FlashAttention (Dao et al. 2022 + FA2 2023 + FA3 2024)
Reformulates the attention computation to avoid materializing the full attention matrix in slow GPU memory. Tile the computation, keep intermediates in fast SRAM. Massive speedup at long context. FA3 is the H100-optimized version. Effectively all 2024+ inference engines use FlashAttention.
Paged Attention (vLLM, 2023)
Treats the KV cache like virtual memory in an OS: pages are allocated dynamically across sequences instead of pre-allocated worst-case per request. Allows much higher batch utilization. Implemented in vLLM and propagated to most modern inference engines (TGI, TensorRT-LLM, llama.cpp).
Continuous batching
Process multiple requests in the same forward pass, with new requests joining the batch as old ones finish (instead of waiting for a uniform batch). Massively improves GPU utilization on multi-tenant inference servers. The base inference-serving pattern in 2024-2026.
Speculative decoding
Use a small draft model to generate several candidate tokens, then verify them in parallel with the large target model. If the target accepts, you got those tokens at draft-model latency. Standard practice on frontier inference systems. Tokens-per-second gains of 2-3× are typical.

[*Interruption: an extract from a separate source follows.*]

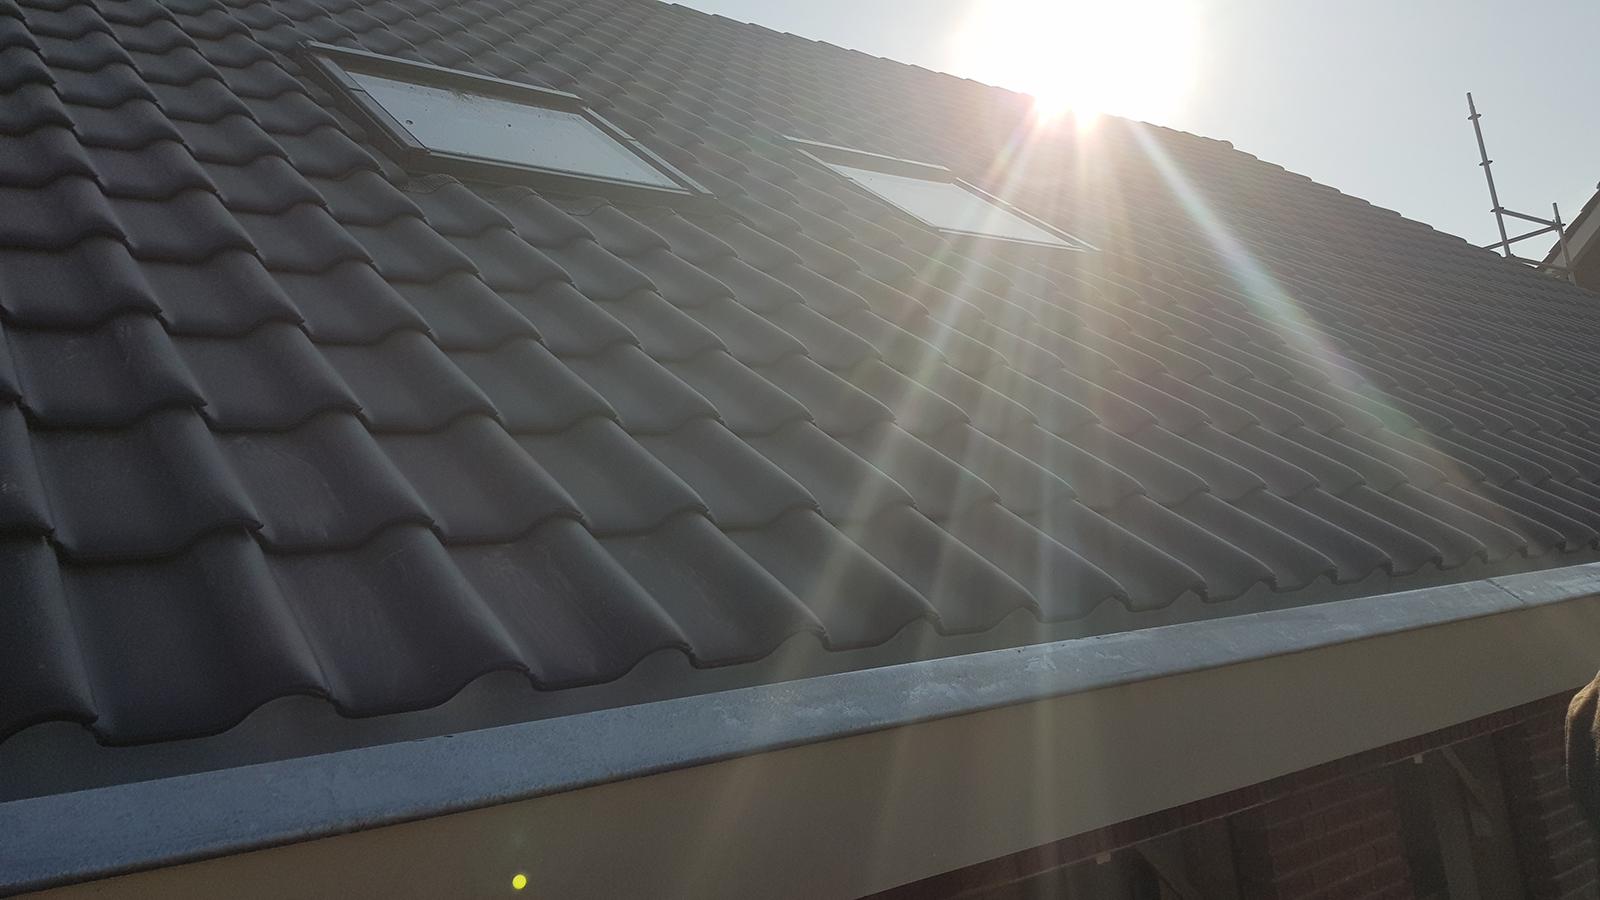 Wij bouwen een huis - dak erop
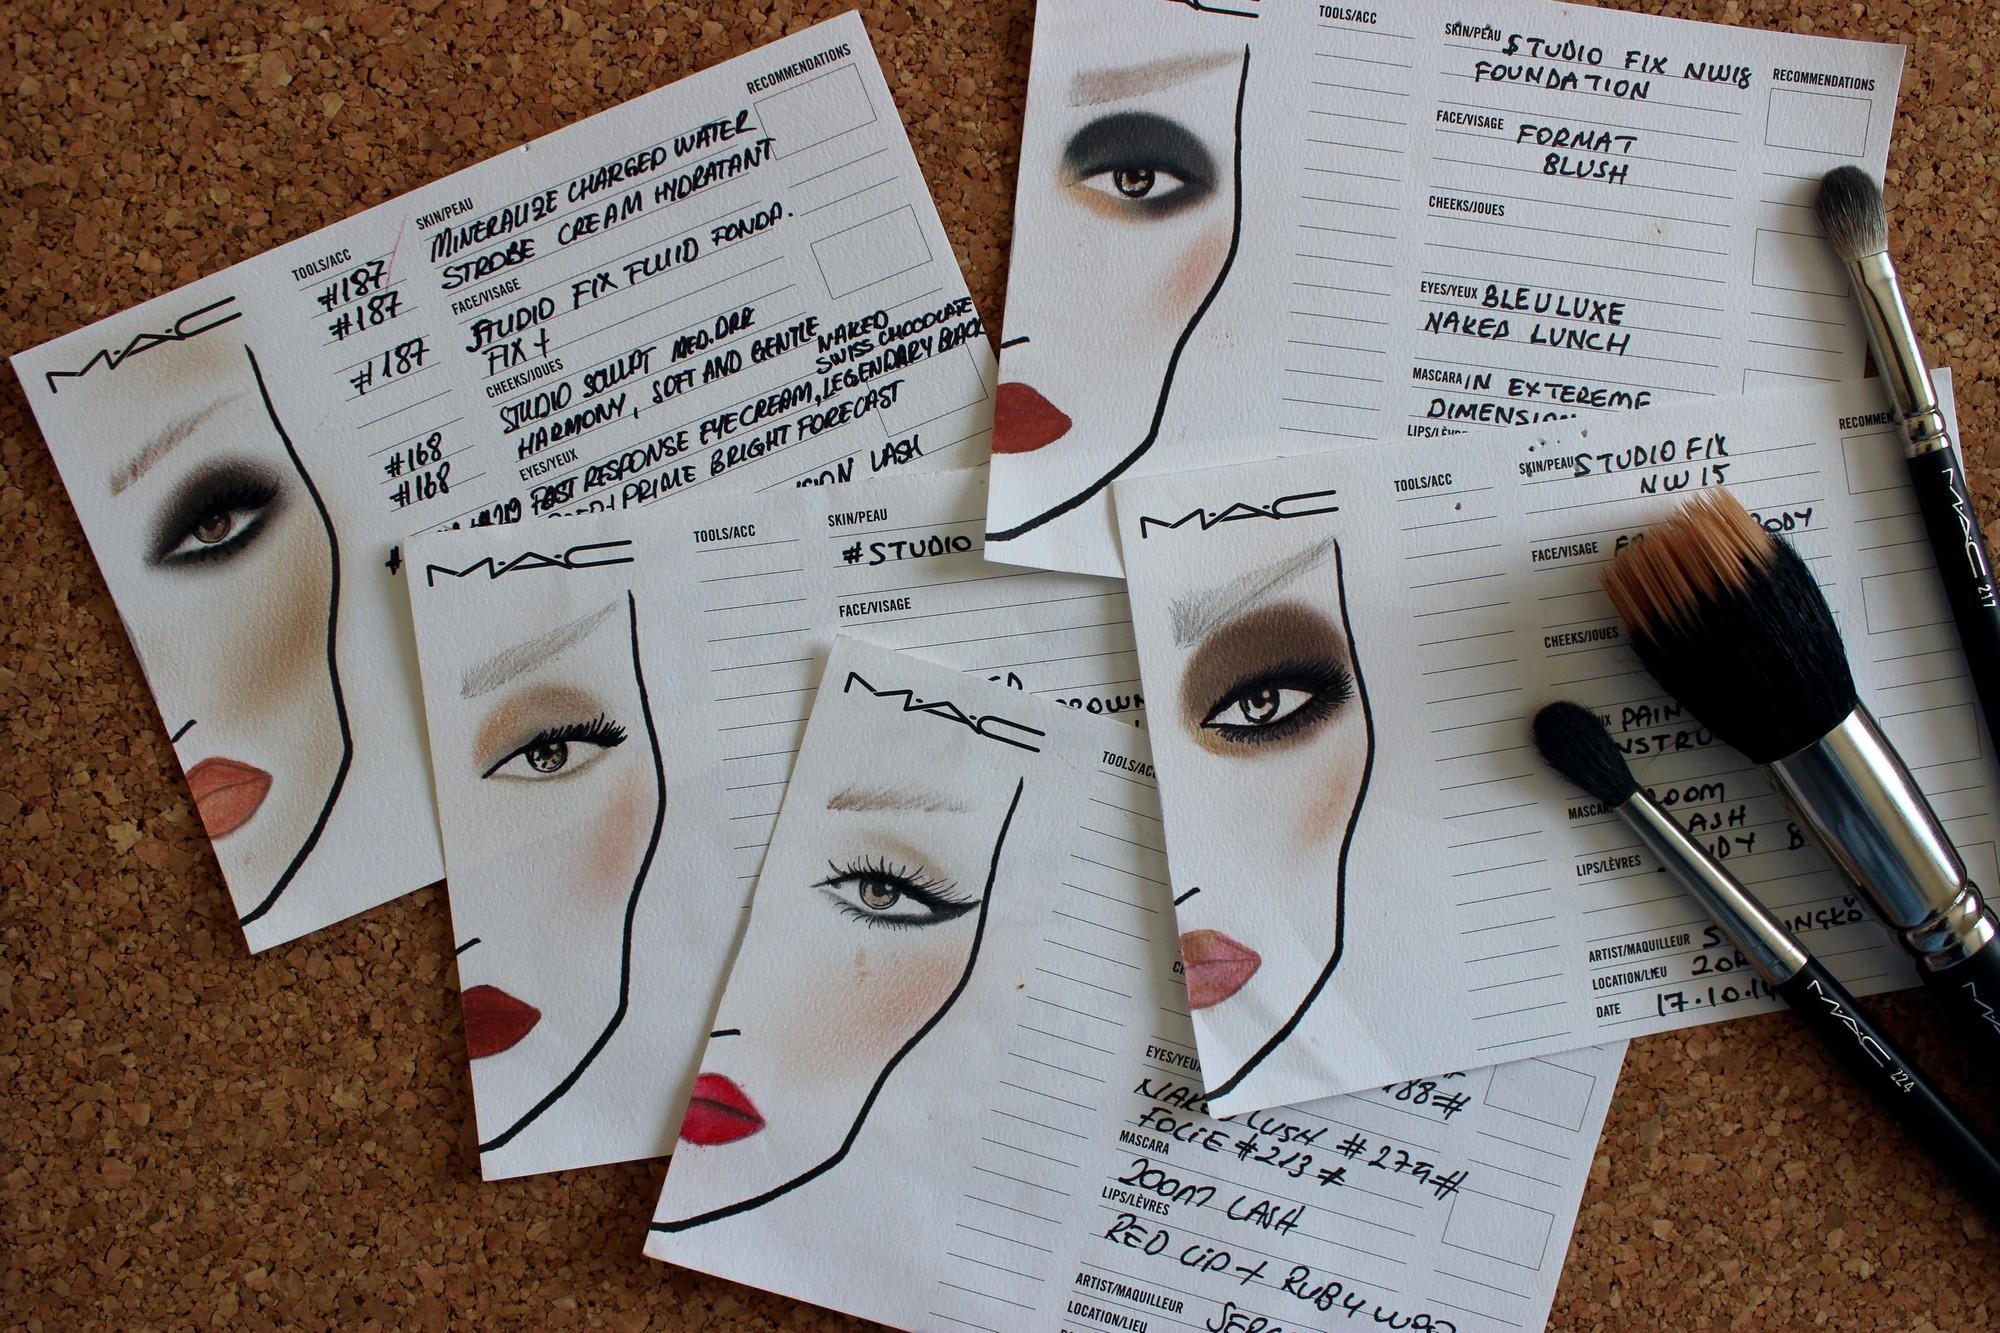 sacmakyaj, mac kozmetik, mac makyaj derleri, aveda, saç ve makyaj, moda haftası makyajı, moda haftası saçı, dita von teese makyajı, grease saçı, örgü topuz, ıslak görünüm, saç ve makyaj modelleri, vaglı saç modelleri, kıvırcık saç modelleri

Medusa + EAGLE (multi-head speculation)
Variants of speculative decoding where the speculation heads are trained into the same model (no separate draft model required). EAGLE-2/3 (2024) achieves ~3-5× speedup on some workloads. Active research area; production support is uneven.
Prefix caching
If many requests share a common prompt prefix (system prompt, conversation history, RAG corpus), cache the prefill work for that prefix once and reuse it across requests. The OpenAI Batch API and Anthropic prompt-caching feature both expose this. Massive cost reduction on multi-tenant + agentic workloads.
Grouped-Query Attention (GQA)
Reduces the number of attention heads that have separate K and V projections. Llama 2 70B used GQA-8 instead of MHA. Cuts KV cache size by 4-8× with minimal quality loss. Standard in 2023+ frontier models.
MQA → GQA → MLA progression
Multi-Query Attention (one KV head) was the aggressive original. Grouped-Query Attention is the compromise. Multi-head Latent Attention (MLA, DeepSeek 2024) compresses KV via low-rank factorization for further savings. Each step traded modest quality for major KV-cache savings.